Barley–genus, Hordeum
•Pearl Barley–hull and two hard outer layers of the grain are removed. For soups and casseroles, pearl barley is the most palatable form. Nutritionally in the same class as white flour and white rice.
•Whole hulled barley–only the inedible hull and one hard outer layer has been removed leaving most of the nutritional value intact. Makes a good breakfast cereal, use in place of wheat in quick breads, lighten baked goods by replacing 2 tablespoons of each cup of wheat flour with 2 tablespoons of barley flour. High in lysine. It is a non-gas forming grain that is easy to digest. I’ve included a recipe to cook with rice to make pilaf. Exchange equal amounts barley and hard wheat for rice.

Rye–commercial loaves are usually combinations of white flour and light or dark rye flour. Light rye flour is like white flour, denuded of nutrients. An all rye yeast bread loaf makes a very heavy, dense loaf. It is a low-gluten grain. Use in combination with whole wheat flour.
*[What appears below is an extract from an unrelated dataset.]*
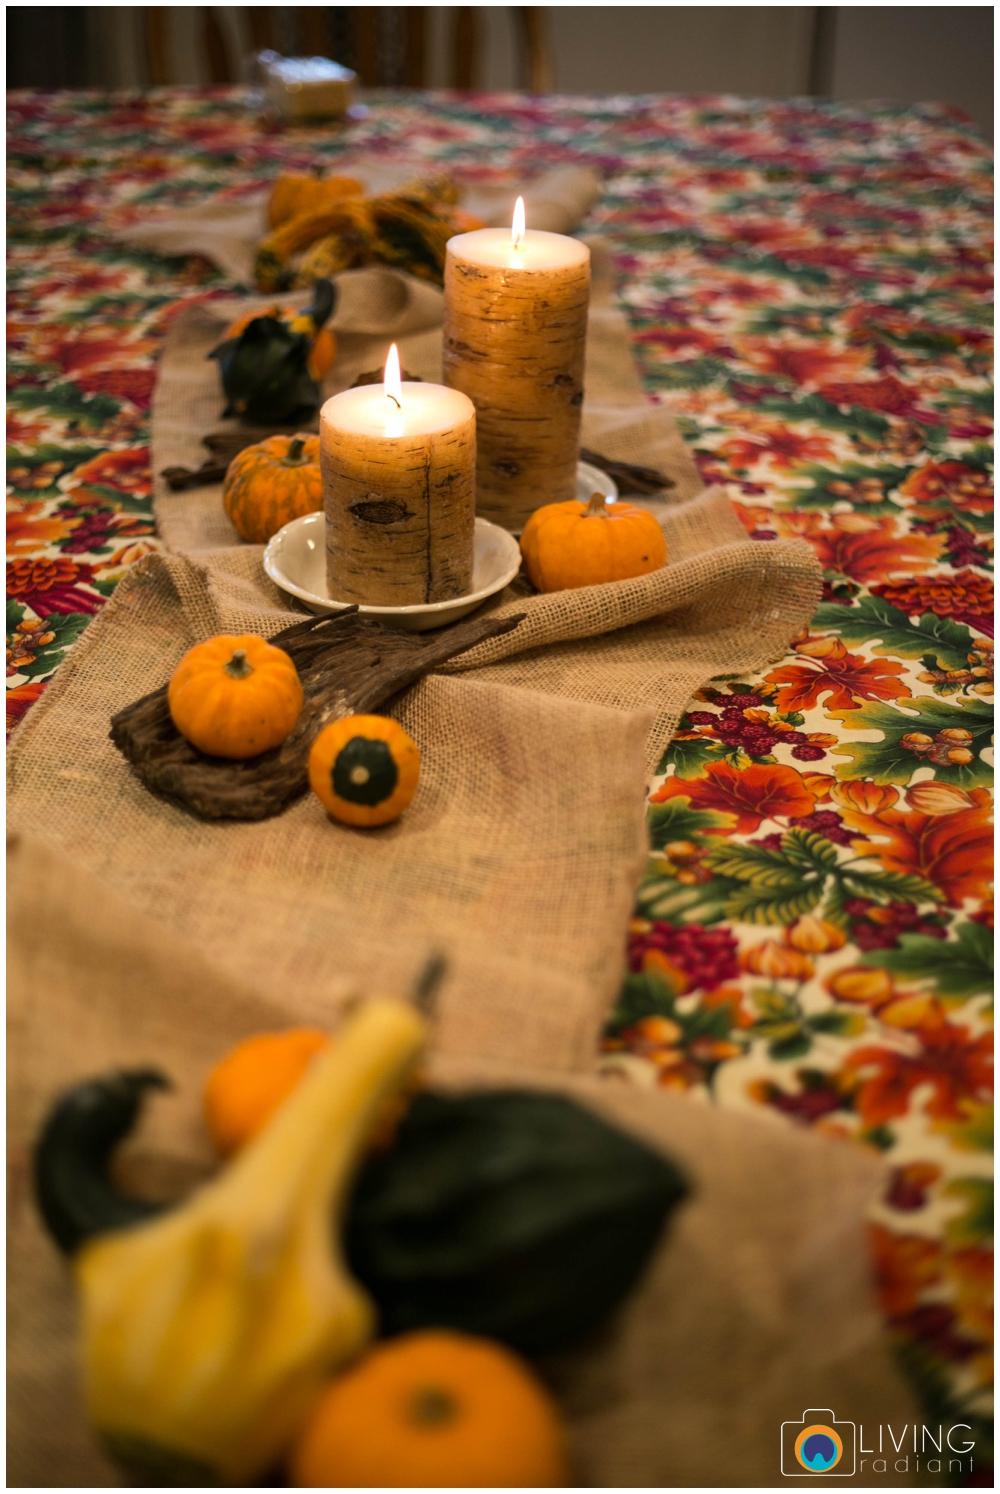 hoffman-nolan-libous-thanksgiving-family-pumpkins-and-pinecones_0001.jpg

Some people don’t care for rye, because of the flavor–often mistakenly, it is the flavor of caraway seed that is added to rye bread.

Millet–little yellow birdseed. It was a staple in China before rice. Millet is actually any of a wide variety of small-seeded hay or cereal grasses. Gluten-free grain and almost no one is allergic to it. Contains a balance of amino acids, more iron and vitamins than any other cereal. In baking use with other grains. Up to 1/5 the amount of wheat flour can be replaced with millet flour successfully. It will seem dry in quick breads alone. You may include a tablespoon or two whole in yeast breads for texture.

Wild Rice–is really an aquatic grass native to northeastern North America. Use in place or with brown rice. There is enough proteins, carbohydrates, and nutrients to sustain a long and healthy life supplemented with little other food. Currently is very expensive. You can mix with other rices.

Triticale–first raised in Sweden in the 1930’s, is the blending of two different grains, wheat and rye. Combines the higher gluten and protein of wheat with the high lysine content of rye. The gluten is soft, necessitating gentle kneading and only one rising of the dough. Using one part triticale to 2 parts of wheat will help. Included flaked in 5/7-grain flaked cereal.

Quinoa (KEEN-wah)–Staple grain from Andes in South America. Cooks quickly. Delicate flavor and gourmet look. Gluten-free. Has high protein and lysine content, making for a more complete amino protein, one of the most nutritious grains. Rinse for 1-2 minutes and then soak overnight, drain, and rinse for 1 minute again. Use in blender waffles/pancakes.